Chico Buarque is a truly fascinating character. Best known for his music, he is a Brazilian singer-songwriter, guitarist, composer, playwright, author and poet (amongst a million other things), who has been shaping Brazilian culture for the past 5 decades. To this day, he remains a mammoth figure in Brazilian pop music and is widely regarded as one of the country’s greatest songwriters. In his home country, Chico is nothing less than a national treasure – his lyrics are still studied as part of the Portuguese language curriculum, his songs are still sung all over the country, and women keep falling for his chiselled good looks and blue eyes. This final remark is particularly impressive when we take into account the fact that Chico is currently 74 – I am writing this article at the ripe age of 27 and the cumulative amount of women who have complimented my natural good looks can be counted on the fingers of my 2 hands. Actually, on the fingers of just 1 hand if we exclude my own family members.
But what does that have to do with you, dear reader? Well, given that Chico Buarque is one of my favourite Brazilian artists, the original idea for this piece was simply to share my 20 favourite tracks with you as a form of ultimate Brazilian music cocktail. But an artist like Chico deserves more – much more. To truly appreciate how powerful his music is and why he is widely regarded as a hero in Brazil, one must go a little further and try to understand the context within which his music was written. With that in mind, after finishing the playlist I so eagerly want to share with you, I realised that, while listening to it (yes, the 20 tracks are cleverly hidden within this piece), you also deserve to be properly introduced to Chico Buarque. I also think it’s safe to assume that your Portuguese might be a little rusty, so allow me to help you interpret the complexity behind the (sometimes seemingly clear) lyrics of a storyteller like Chico. Even if I am wrong, and your Portuguese is “Intermediate” or even “Fluent”, most things in life are better understood with some contextualization, as someone infinitely wiser than me put it (a doctor, in case you were wondering). And after all, all music deserves to be better explored than by simply pressing shuffle on the most popular Spotify playlist – isn’t that also the point of Audio Snobbery?

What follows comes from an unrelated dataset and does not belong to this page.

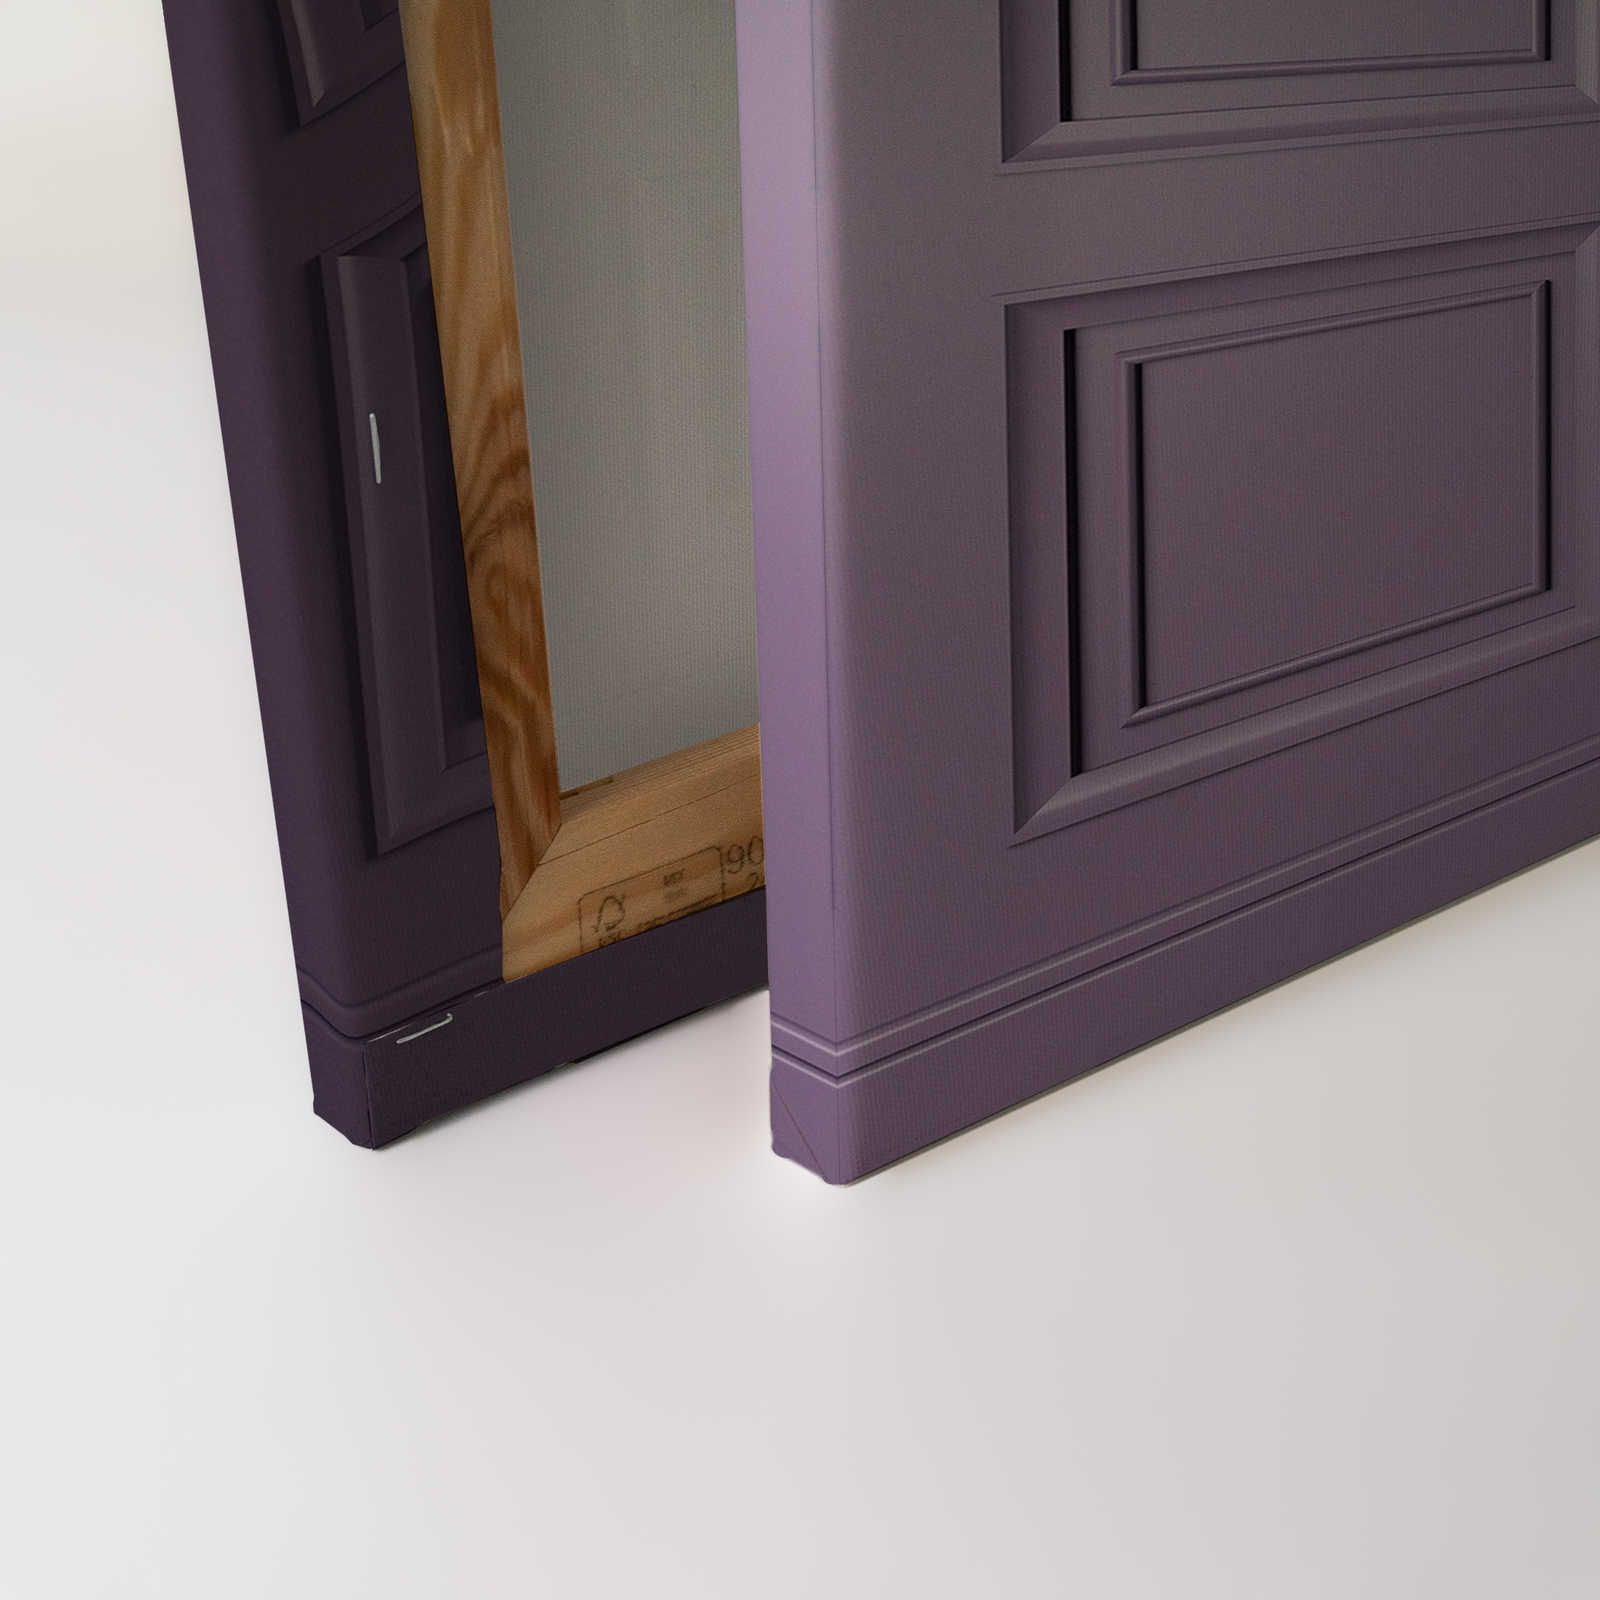             Kensington 3 - 3D Canvas painting wood paneling dark purple, violet - 0.90 m x 0.60 m

Born Francisco Buarque de Holanda in Rio de Janeiro in 1944, Chico is, above all, a brilliant storyteller. The intellectual upbringing boosted by his father, the historian Sergio Buarque de Holanda, and his friendships with early bossa nova musicians such as Vinicius de Moraes, Baden Powell and Oscar Castro Neves, all contributed to his lifelong career in music and arts and current “living legend” status – a role he never felt comfortable with, as one might ascertain from the rare interviews that he does grant. Chico prefers to simply identify himself as a man devoted to his art, who likes going to the beach and playing football, his earliest and most enduring passion. As a teenager, driven by the music of Joao Gilberto (of which he was a particular admirer), Chico began singing and playing music of his own. His interest in music only grew as years went by and even expanded into other arts – he began composing music for theatre and released first singles Pedro Pedreiro and Sonho de um Carnaval. But the definitive turning point in his career came in 1966, when, only 22, three of his own compositions were recorded by the undisputed queen of bossa nova at the time, Nara Leão, with one of them (A Banda) in turn becoming a massive hit and launching Chico into superstardom. This made him a viable artist on his own and on that same year he released the first of an endless list of albums – several concerts all over the country and many more TV appearances consolidated his position as one of the rising stars of the Brazilian bossa nova. It is also during this period that Chico released 2 of my favourite songs – O Velho, which is a disturbing summary of what we will have to share as an old person if we avoid love in our lives, and the lovely poem Até Pensei.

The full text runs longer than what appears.